▶ **INFORMATION PROVIDED**:
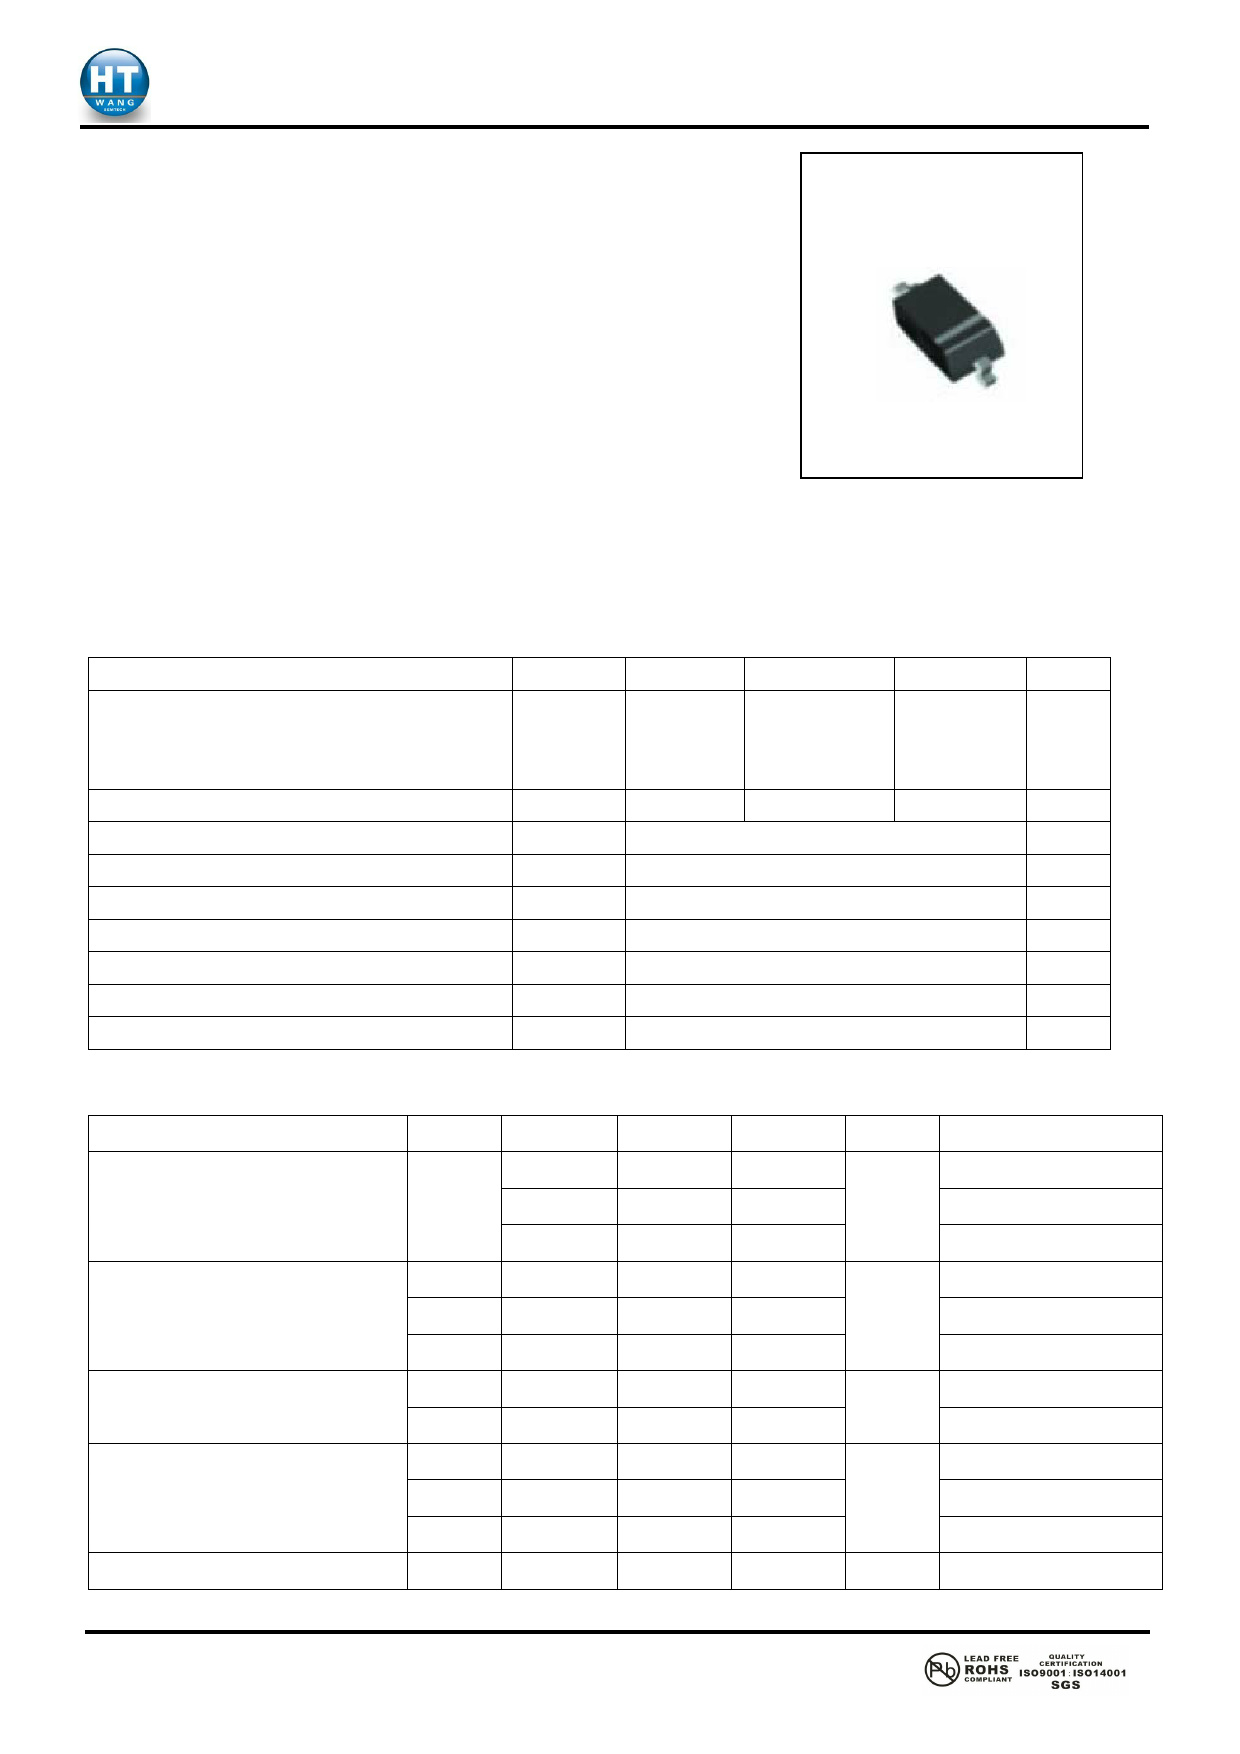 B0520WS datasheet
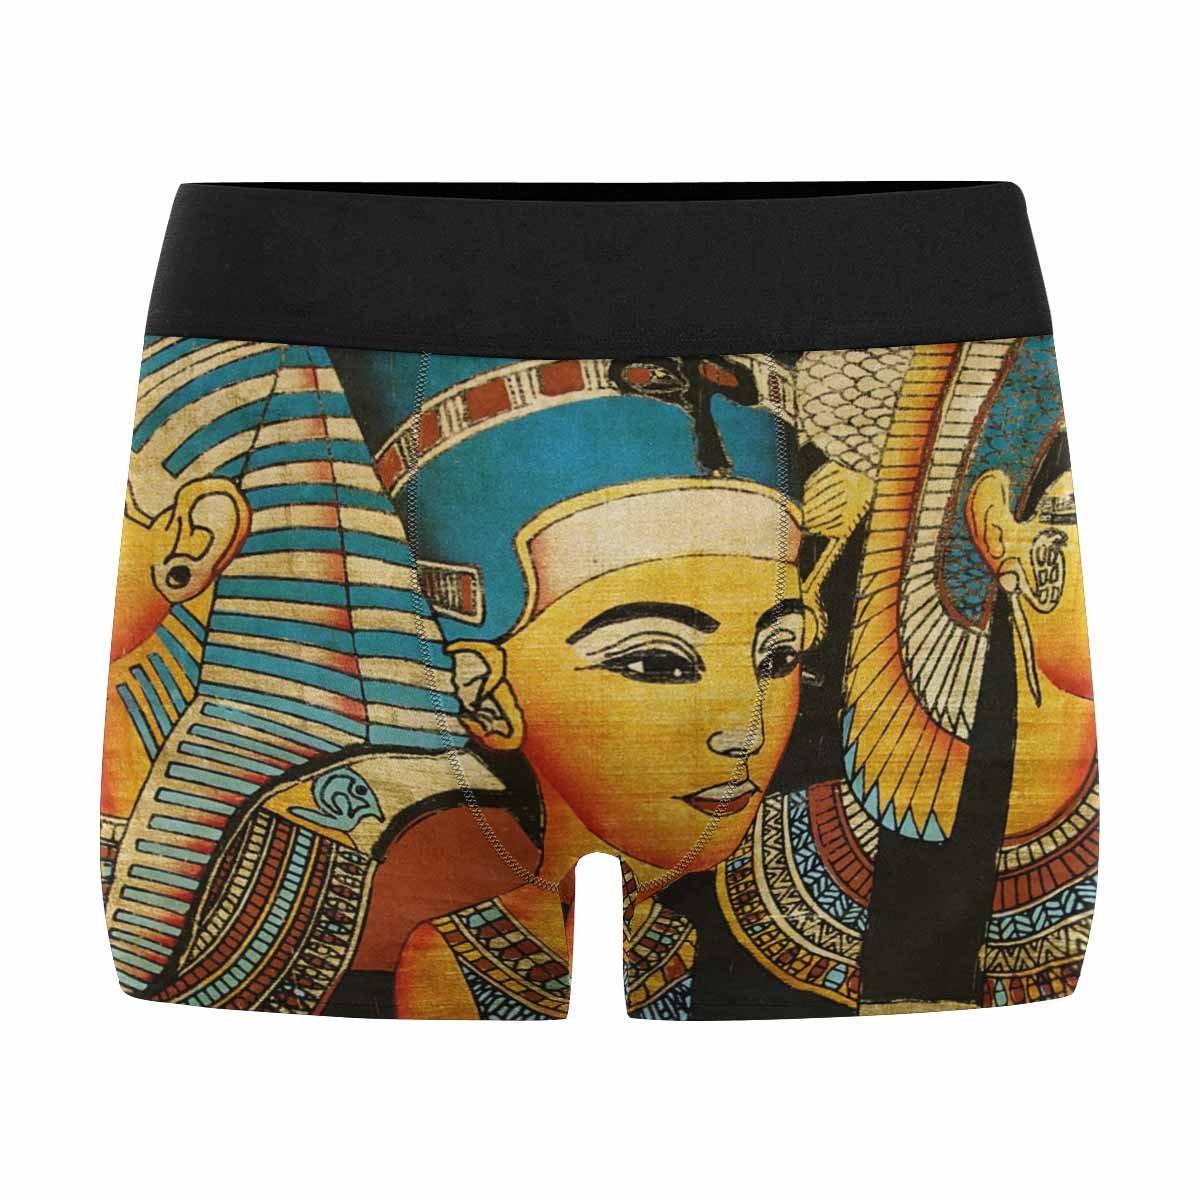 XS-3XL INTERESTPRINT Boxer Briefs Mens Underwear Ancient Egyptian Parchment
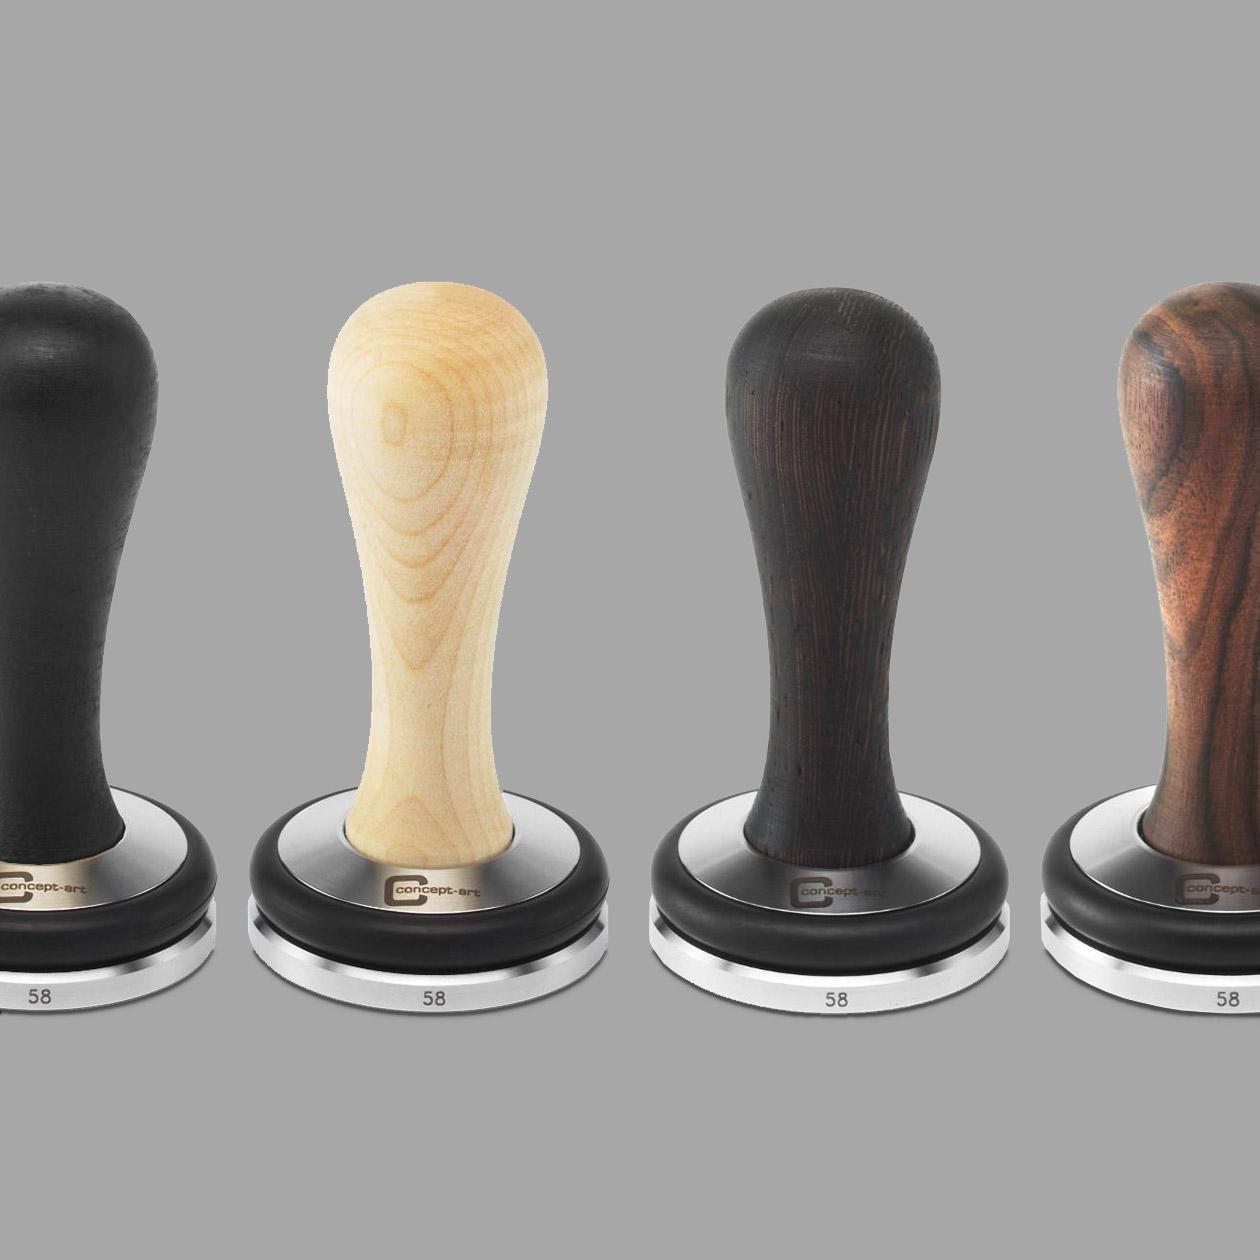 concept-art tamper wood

▶ **ASSIGNMENT**:
Find the line that has "XS-3XL INTERESTPRINT Boxer" in the listing, then retype it and each later line up to the last, exactly. Leave pictures out.

▶ **YOUR RESPONSE**:
 XS-3XL INTERESTPRINT Boxer Briefs Mens Underwear Ancient Egyptian Parchment
 concept-art tamper wood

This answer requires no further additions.